Figure 2.

Wild-Type and Myosin-18B-Depleted Cells Show Similar Actin-Associated Phenotypes When Cells Are Grown on Soft Substrates

(A) The representative imaging and quantification of ventral- and dorsal-associated focal adhesions in wild-type (n = 19 for vFA, n = 20 for dFA) and myosin-18B knockout (n = 19 for vFA, n = 21 for dFA) cells. vFA (red arrows), ventral associated focal adhesion; dFA (orange arrows), dorsal associated focal adhesion.

(B) Representative images of actin filaments and quantification of the total numbers of thick bundle in wild type (n = 27), myosin-18B knockout (n = 27) and CaMKK2 inhibition (n = 19) cells grown on softer matrix (5 kPa). orange arrows, dorsal stress fiber; blue brackets, transverse arcs.

(C) Representative traction force maps and quantification of cell-exerted strain energy of wild-type (n = 19), myosin-18B knockout (n = 23), and CaMKK2 inhibitor-treated cells (n = 27) grown on softer matrix (5 kPa). Scale bars, 10 μm in (A–C).

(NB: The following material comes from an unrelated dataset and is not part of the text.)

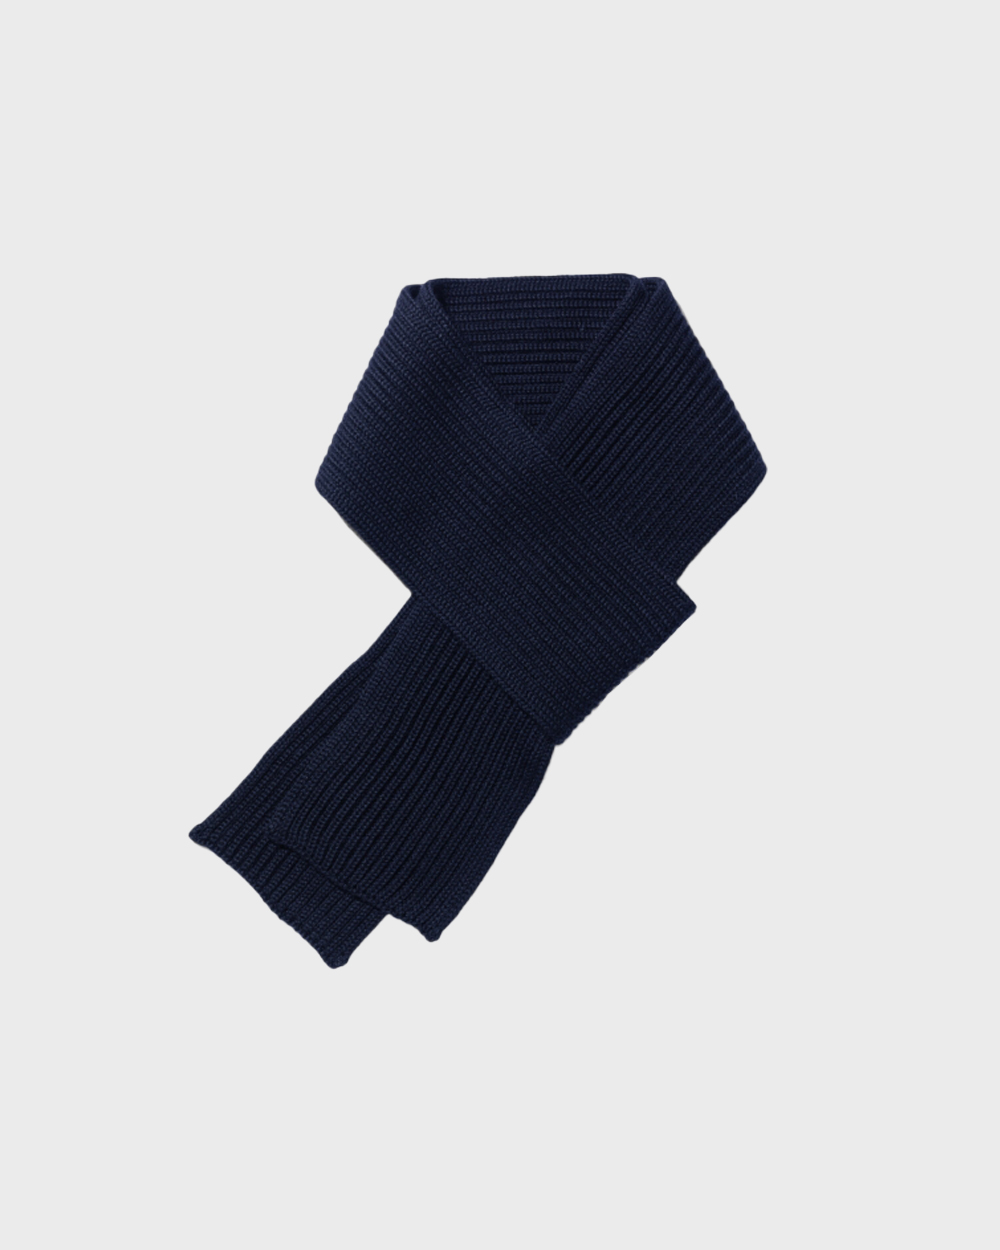 안데르센 안데르센 Short scarf (Navy blue)
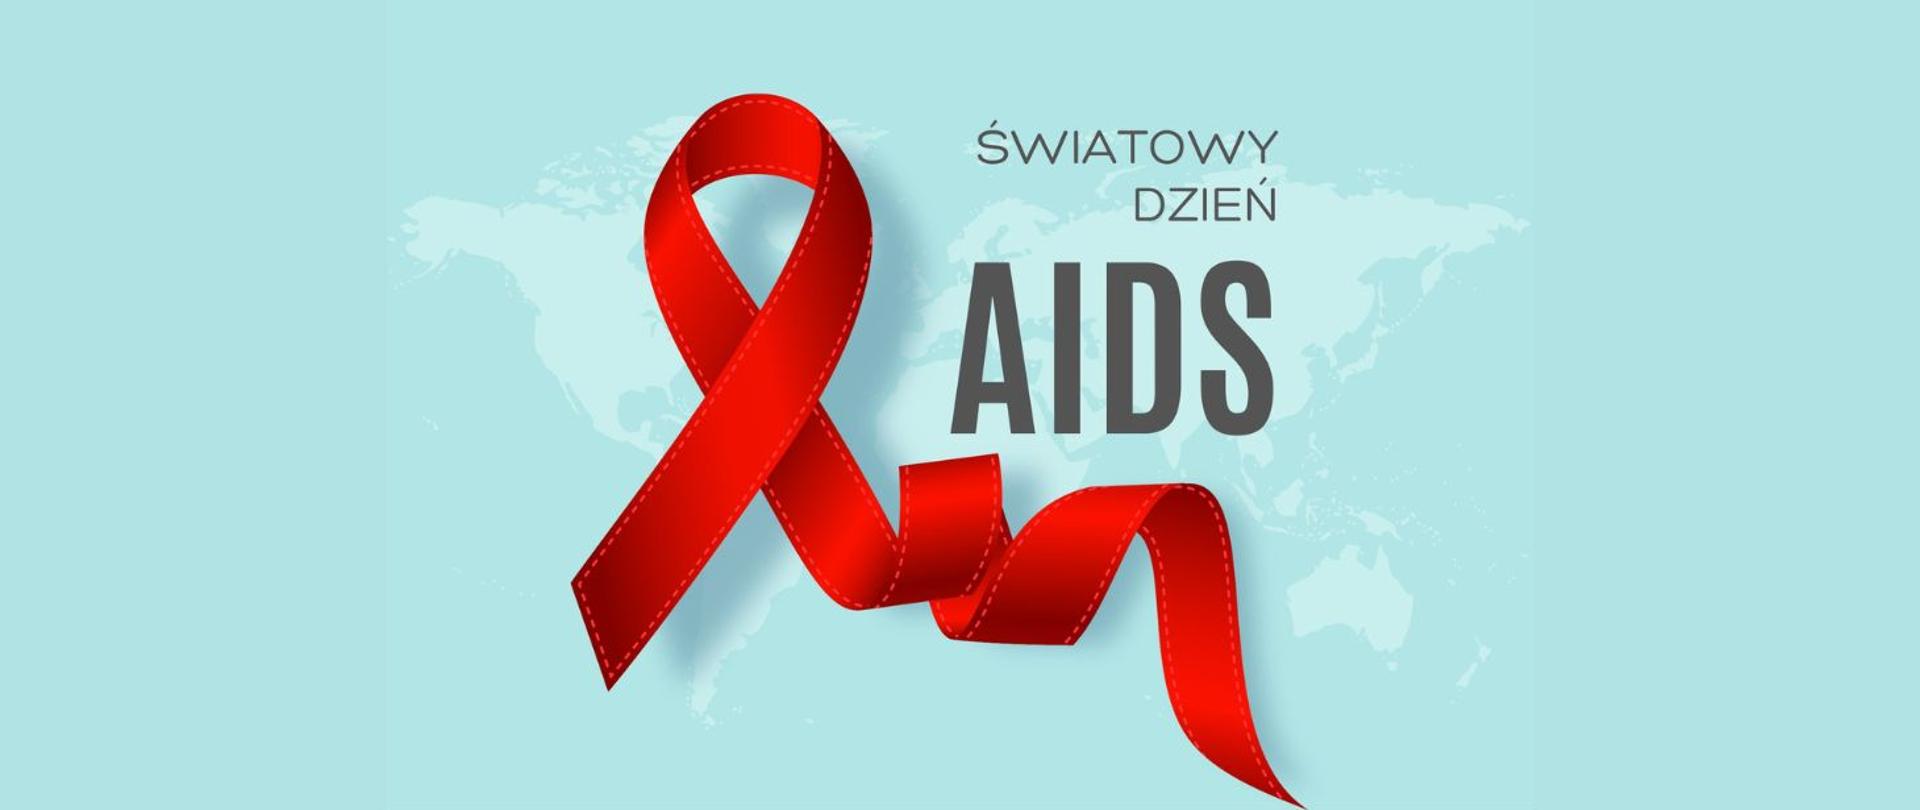 Światowy Dzień AIDS 2023

(D) Representative examples (corresponding to Video S1, S2, S3, and S4) and quantified centripetal flow rates of transverse arcs in wild-type cells (n = 27), myosin-18B knockout cells (n = 25), full-length (FL) myosin-18B rescue cells (n = 25), and CaMKK2 inhibitor treated cells (n = 25) expressing GFP-actin grown on softer matrix (5 kPa). Yellow arrows, the positions of the observed arcs in the beginning of the videos; red arrows, the positions of the same arcs in subsequent time-lapse images. Scale bar, 5 μm.

Quantification data are represented as mean ± SEM. ∗∗∗p < 0.001 (Mann-Whitney-Wilcoxon rank-sum test).